“Qurbani—that's our biggest holiday of the year. We go through hundreds of goat and lamb in a day. This is my chance to prove that I'm worthy to run this business.”
At first glance, Imran Uddin is just another 27-year-old New Yorker struggling to take over his family's business—what's unique is that his father's business is a "pick-your-own" slaughterhouse. The son of an immigrant, Imran must confront his mixed Bangladeshi-Puerto Rican heritage and gain acceptance from his father's conservative Muslim community. On one of Islam's holiest days, Imran must lead a sacrifice that will define him as a Muslim, as an American and as a son.
During the holiday of Eid-al-Adha, also known as Qurbani, Muslims are commanded to slaughter a goat, lamb or bull to honor the Koranic story of Abraham's willingness to sacrifice his son for God. The event draws hundreds of families to the Uddins' slaughterhouse in Queens, New York City. The annual celebration holds symbolic meaning for the fathers who pass this tradition on to their sons. The slaughter also means grueling work, and Imran's efforts to manage the slaughterhouse culminate with his preparation for the Qurbani holiday. Yet, even as he toils, Imran, who is the son of a Bangladeshi father and a Puerto Rican mother, is challenged as not being "Muslim enough" by some of the slaughterhouse clients.

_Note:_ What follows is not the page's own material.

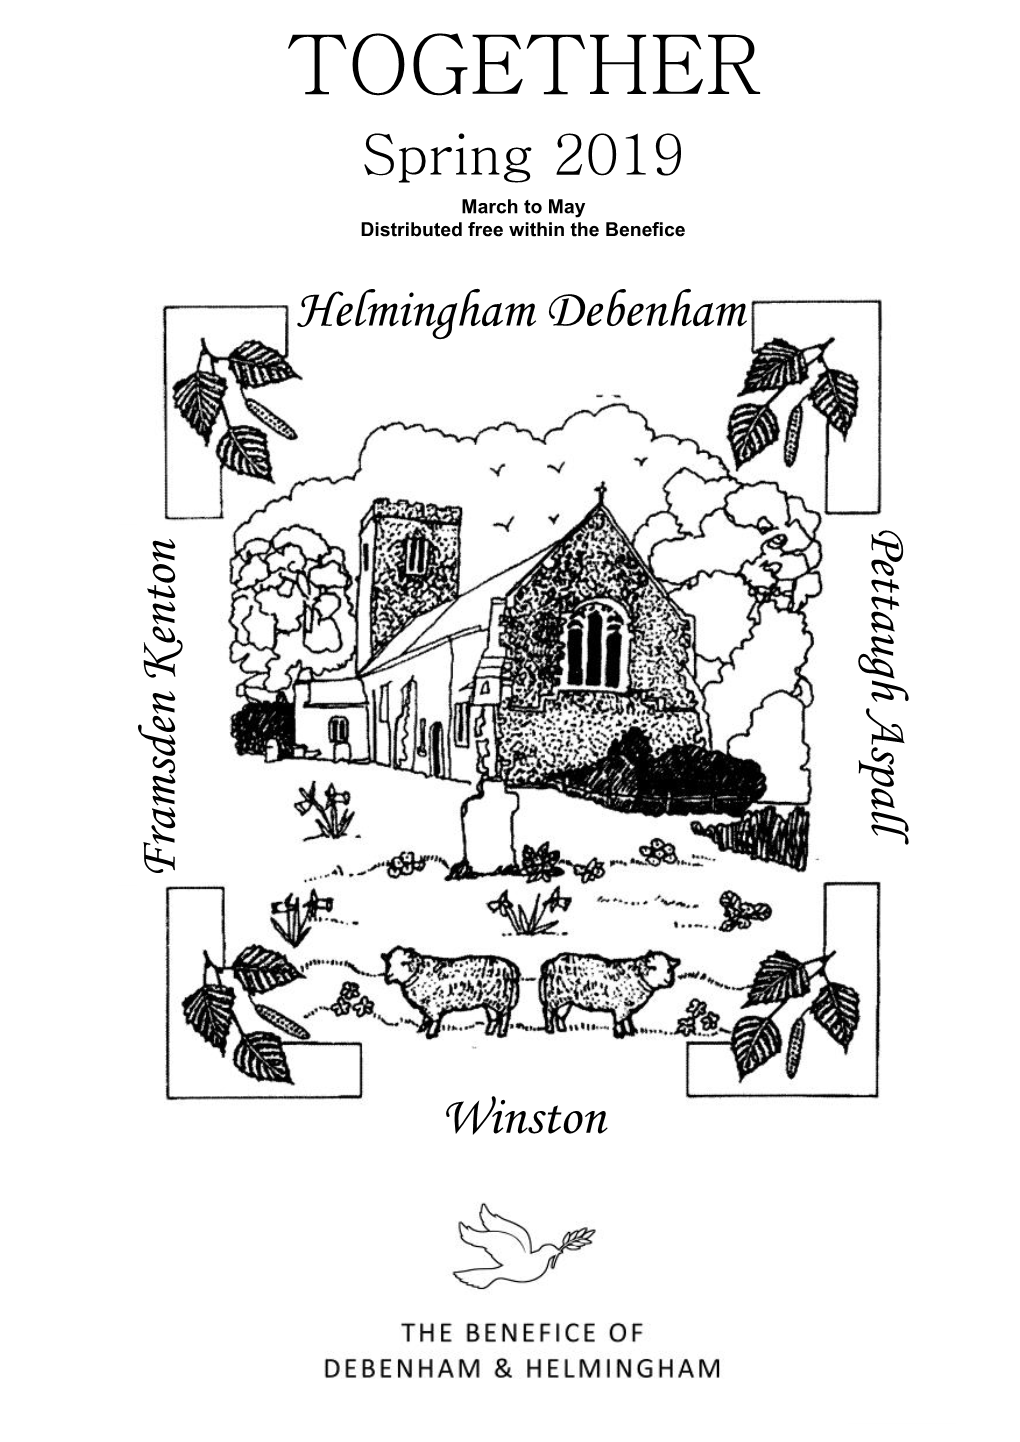 TOGETHER Spring 2019 March to May Distributed Free Within the Benefice Helmingham Debenham

A SON'S SACRIFICE traces Imran's journey to convince himself, his father and his Muslim brethren that he is a part of their community. Produced by a Muslim-Jewish filmmaking team, the Uddin family's intergenerational story speaks to the shared experience of the children of immigrants.
What is halal?
For Muslims, the word halal describes what is lawful in Islam. Halal dietary laws dictate certain conditions for the preparation of meat, namely that slaughtering must be done by a Muslim who recites the name of God over the animal. The animal’s veins and arteries must be severed at the neck and the blood must be allowed to leave the body. The sharpness of the knife and the isolation of the slaughtering are stressed, so as to take the animal’s life in the most painless and respectful way. Halal laws also describe the types of animals and foods that are lawful for consumption, the main prohibition being swine.
What is Eid or Qurbani?
One of the most important holidays on the Muslim calendar is Eid al Adha (The Festival of Sacrifice), or Qurbani, as Muslims from South Asia often refer to it. The holiday marks the end of the annual pilgrimage to Mecca. On that day, Muslims celebrate the story of Abraham’s willingness to sacrifice his own son for God, as well as his son’s submission to the task. In the story, common to Jews and Christians as well, God rewards father and son and relieves them of their burden by putting a ram in the son’s place.
Muslims commemorate the story by sacrificing an animal, usually a goat or lamb, on the holiday. Families are allowed to keep as much as one-third of the meat, and the rest is donated to the needy. The celebrations on Eid and the days following differ around the world, but they are sure to include plenty of feasting with family.
Filmmakers Yoni Brook and Musa Syeed provided updates in December 2007 on what the family in A SON'S SACRIFICE has been up to since filming ended:
Imran has taken over the slaughterhouse with gusto, thinking of creative ways to market his services and streamline the operation. He has expanded the slaughterhouse to an adjacent building and is planning to distribute his "Madani" brand of halal meat nationwide. His father, Riaz, has taken a less active role, devoting more of his time to spiritual reflection and community work.
The family has been very active in supporting our outreach efforts, and they have spoken at festivals and organized university screenings on our behalf.
In spring 2007, the Uddin family, with filmmakers Yoni Brook and Musa Syeed, transformed their slaughterhouse into "HalalFest," a block party celebrating the New York premiere of A SON'S SACRIFICE at the 2007 Tribeca Film Festival. A rock band, traditional Bangladeshi youth dancers and break dancers filled the yard where goats and sheep normally graze. Donated yellow schoolbuses brought Manhattanites into the netherworld of Queens where visitors tasted halal food from neighborhood Bengali and West Indian restaurants. The event culminated with a free screening of the film for the local community and slaughterhouse customers.